APIs intends to serve as an intermediary between a client and a server. This client can be of two types: a web interface or programming software. The API makes no assumptions about the tool sending it a command; it simply requires adherence to a standard (usually an HTTP request), a query structure (the arguments), and then awaits the result.

2.1 Understanding with an interactive example

The first mode (access via a browser) is primarily used when a web interface allows a user to make choices in order to return results corresponding to those selections. Let’s revisit the example of the geolocation API that we will use in this chapter. Imagine a web interface that offers the user two choices: a postal code and an address. These inputs will be injected into the query, and the server will respond with the appropriate geolocation.

Here are our two widgets that allow the client (the web page user) to choose their address.

A little formatting of the values provided by this widget allows one to obtain the desired query:

This gives us an output in JSON format, the most common output format for APIs.

If a beautiful display is desired, like the map above, the web browser will need to reprocess this output, which is typically done using Javascript, the programming language embedded in web browsers.

2.2 How to Do It with Python?

The principle is the same, although we lose the interactive aspect. With Python, the idea is to construct the desired URL and fetch the result through an HTTP request.

We have already seen in the web scraping chapter how Python communicates with the internet via the requests package. This package follows the HTTP protocol where two main types of requests can be found: GET and POST:

  • The GET request is used to retrieve data from a web server. It is the simplest and most common method for accessing the resources on a web page. We will start by describing this one.
  • The POST request is used to send data to the server, often with the goal of creating or updating a resource. On web pages, it is commonly used for submitting forms that need to update information in a database (passwords, customer data, etc.). We will see its usefulness later, when we begin to deal with authenticated requests where additional information must be submitted with our query.

Let’s conduct a first test with Python as if we were already familiar with this API.

import requests
adresse = "88 avenue verdier"
url_ban_example = f"https://api-adresse.data.gouv.fr/search/?q={adresse.replace(" ", "+")}&postcode=92120"
requests.get(url_ban_example)
<Response [200]>

What do we get? An HTTP code. The code 200 corresponds to successful requests, meaning that the server is able to respond. If this is not the case, for some reason x or y, you will receive a different code.

TipHTTP Status Codes

HTTP status codes are standard responses sent by web servers to indicate the result of a request made by a client (such as a web browser or a Python script). They are categorized based on the first digit of the code:

  • 1xx: Informational
  • 2xx: Success
  • 3xx: Redirection
  • 4xx: Client-side Errors
  • 5xx: Server-side Errors

The key codes to remember are: 200 (success), 400 (bad request), 401 (authentication failed), 403 (forbidden), 404 (resource not found), 503 (the server is unable to respond)

To retrieve the content returned by requests, there are several methods available.
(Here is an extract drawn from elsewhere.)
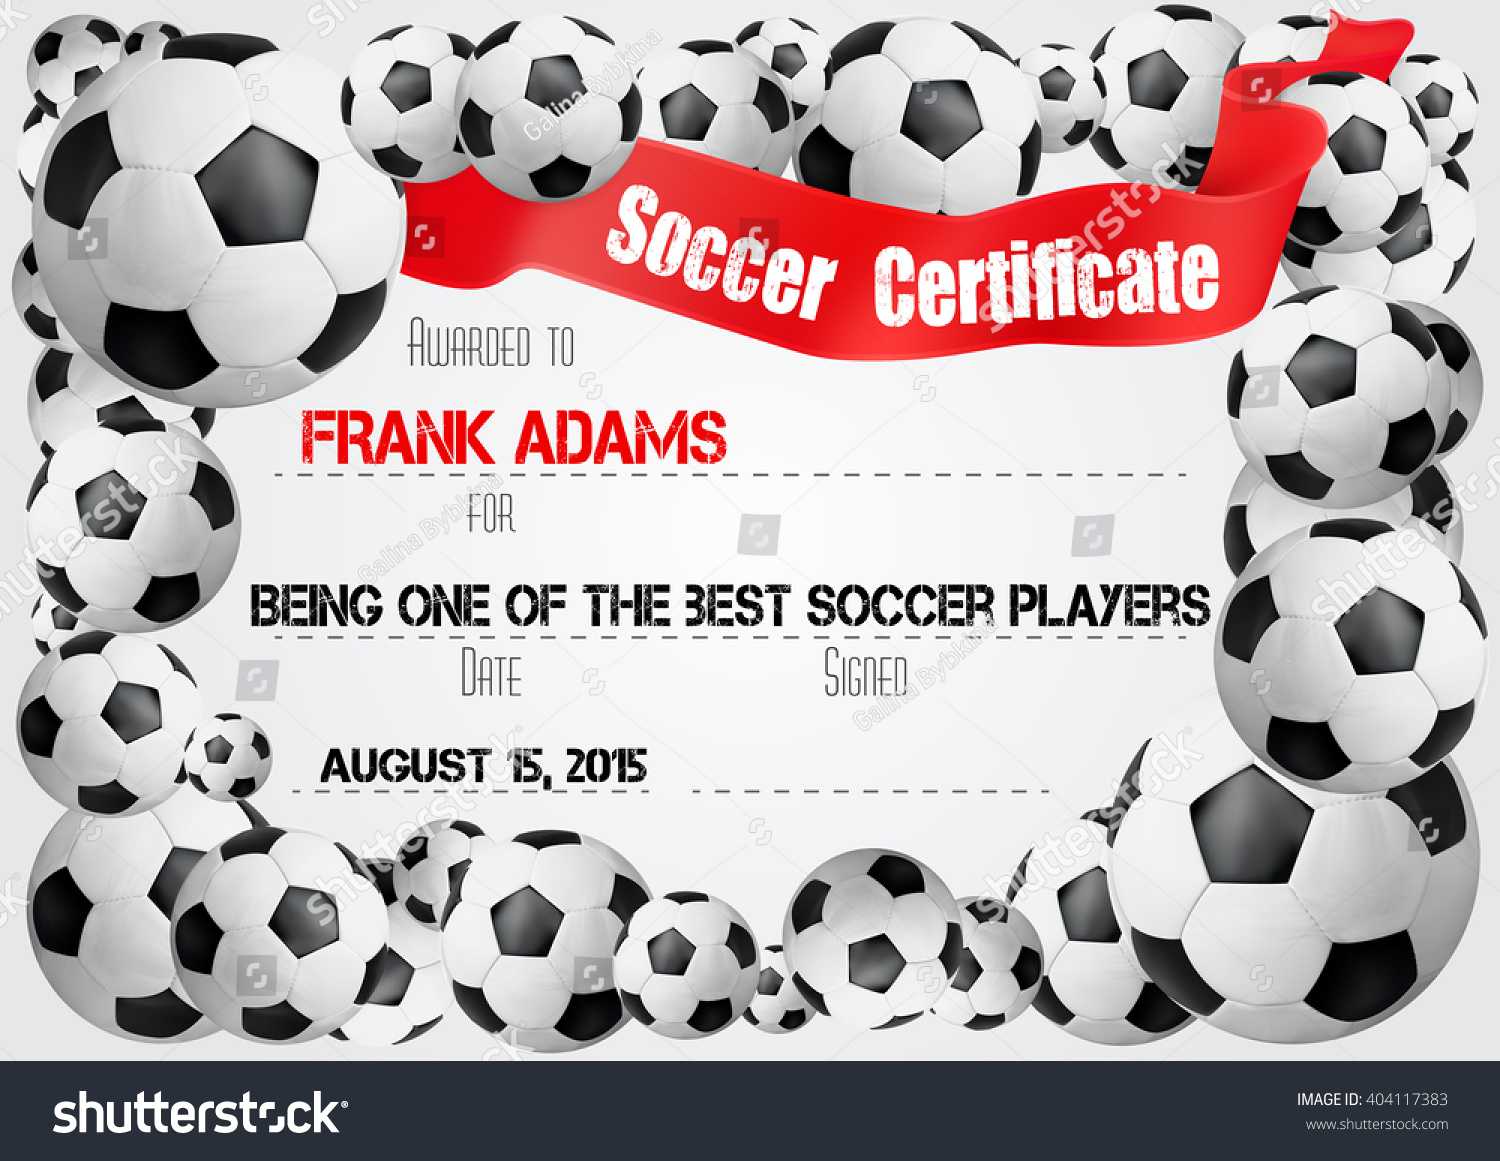 Soccer Certificate Template Football Ball Icons Stock Image With Regard To Soccer Certificate Template Free

When the JSON is well-formatted, the simplest approach is to use the json method, which converts it into a dictionary:

req = requests.get(url_ban_example)
localisation_insee = req.json()
localisation_insee
{'type': 'FeatureCollection',
 'features': [{'type': 'Feature',
   'geometry': {'type': 'Point', 'coordinates': [2.309144, 48.81622]},
   'properties': {'label': '88 Avenue Verdier 92120 Montrouge',
    'score': 0.9734299999999999,
    'housenumber': '88',
    'id': '92049_9625_00088',
    'banId': '92dd3c4a-6703-423d-bf09-fc0412fb4f89',
    'name': '88 Avenue Verdier',
    'postcode': '92120',
    'citycode': '92049',
    'x': 649270.67,
    'y': 6857572.24,
    'city': 'Montrouge',
    'context': '92, Hauts-de-Seine, Île-de-France',
    'type': 'housenumber',
    'importance': 0.70773,
    'street': 'Avenue Verdier',
    '_type': 'address'}}],
 'query': '88 avenue verdier'}

In this case, we can see that the data is nested within a JSON. Therefore, a bit of code needs to be written to extract the desired information from it:

localisation_insee.get('features')[0].get('properties')
{'label': '88 Avenue Verdier 92120 Montrouge',
 'score': 0.9734299999999999,
 'housenumber': '88',
 'id': '92049_9625_00088',
 'banId': '92dd3c4a-6703-423d-bf09-fc0412fb4f89',
 'name': '88 Avenue Verdier',
 'postcode': '92120',
 'citycode': '92049',
 'x': 649270.67,
 'y': 6857572.24,
 'city': 'Montrouge',
 'context': '92, Hauts-de-Seine, Île-de-France',
 'type': 'housenumber',
 'importance': 0.70773,
 'street': 'Avenue Verdier',
 '_type': 'address'}

This is the main disadvantage of using APIs: the post-processing of the returned data. The necessary code is specific to each API, since the structure of the JSON depends on the API.

2.3 How to Know the Inputs and Outputs of APIs?

Here, we took the BAN API as a magical tool whose main inputs (the endpoint, parameters, and their formatting…) were known. But how does one actually get there in practice? Simply by reading the documentation when it exists and testing it with examples.

Good APIs provide an interactive tool called swagger. It is an interactive website where the API’s main features are described and where the user can interactively test examples. These documentations are often automatically created during the construction of an API and made available via an entry point /docs. They often allow you to edit certain parameters in the browser, view the obtained JSON (or the generated error), and retrieve the formatted query that produced it. These interactive browser consoles replicate the experimentation that can otherwise be done using specialized tools like postman.

Regarding the BAN API, the documentation can be found at https://adresse.data.gouv.fr/api-doc/adresse. Unfortunately, it is not interactive. However, it provides many examples that can be directly tested from the browser. You simply need to use the URLs provided as examples. These are presented using curl (a command-line equivalent of requests in Linux):

curl "https://api-adresse.data.gouv.fr/search/?q=8+bd+du+port&limit=15"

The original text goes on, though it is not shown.